Elle appelle les pays européens à rompre leurs relations avec le régime iranien.
CNRI – Maryam Radjavi, présidente élue de la Résistance iranienne, se félicite de la décision du gouvernement norvégien de fermer son ambassade à Téhéran et de celle du gouvernement britannique de fermer l’ambassade des mollahs à Londres, tout comme elle se réjouit du départ de Téhéran des diplomates britanniques. Elle estime que c’est une démarche nécessaire et le minimum requis après l’attaque sauvage par les pasdarans de l’ambassade de Grande-Bretagne. Elle a dit espérer que tous les pays européens rompent totalement leurs relations diplomatiques avec les mollahs.
L’attaque du 29 novembre de l’ambassade britannique par les gardiens de la révolution s’est faite sur l’ordre de Khamenei en personne. Le guide suprême des mollahs cherche par le biais du chantage et des menaces à empêcher la mise en œuvre d’une politique de fermeté et de sanctions internationales en raison de son programme d’armes nucléaires. Le terrorisme, les prises d’otages, les attaques contre des bâtiments diplomatiques, sont des moyens bien connus du régime des mollahs pour influencer la politique internationale et satisfaire ses exigences illégitimes.

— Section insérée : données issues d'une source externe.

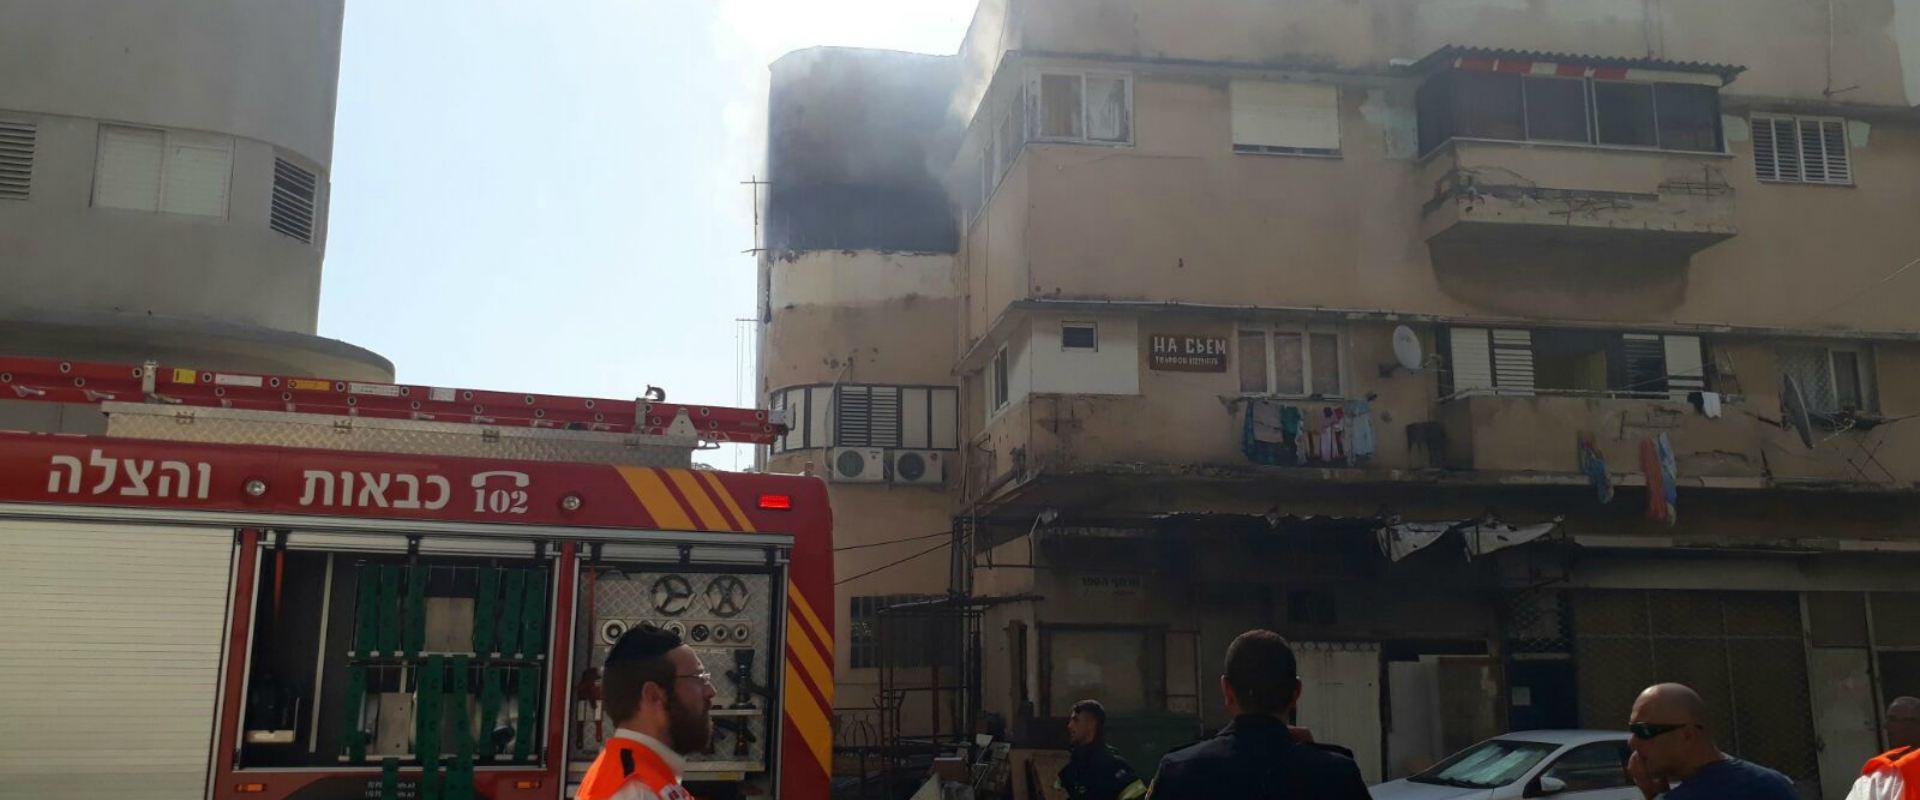 זירת הרצח בחיפה

La bombe atomique, a ajouté Mme Radjavi, est une des composantes de la stratégie des mollahs pour se maintenir au pouvoir. Cette stratégie comporte aussi le massacre de l’opposition organisée, spécialement à Achraf en Irak, et l’exportation de l’intégrisme et la mainmise sur la région. Un boycott généralisé du régime, notamment pétrolier et diplomatique, même s’il reste nécessaire, ne suffit pas pour empêcher le régime de se doter de la bombe atomique. La solution définitive est un changement de régime par le peuple iranien et sa résistance.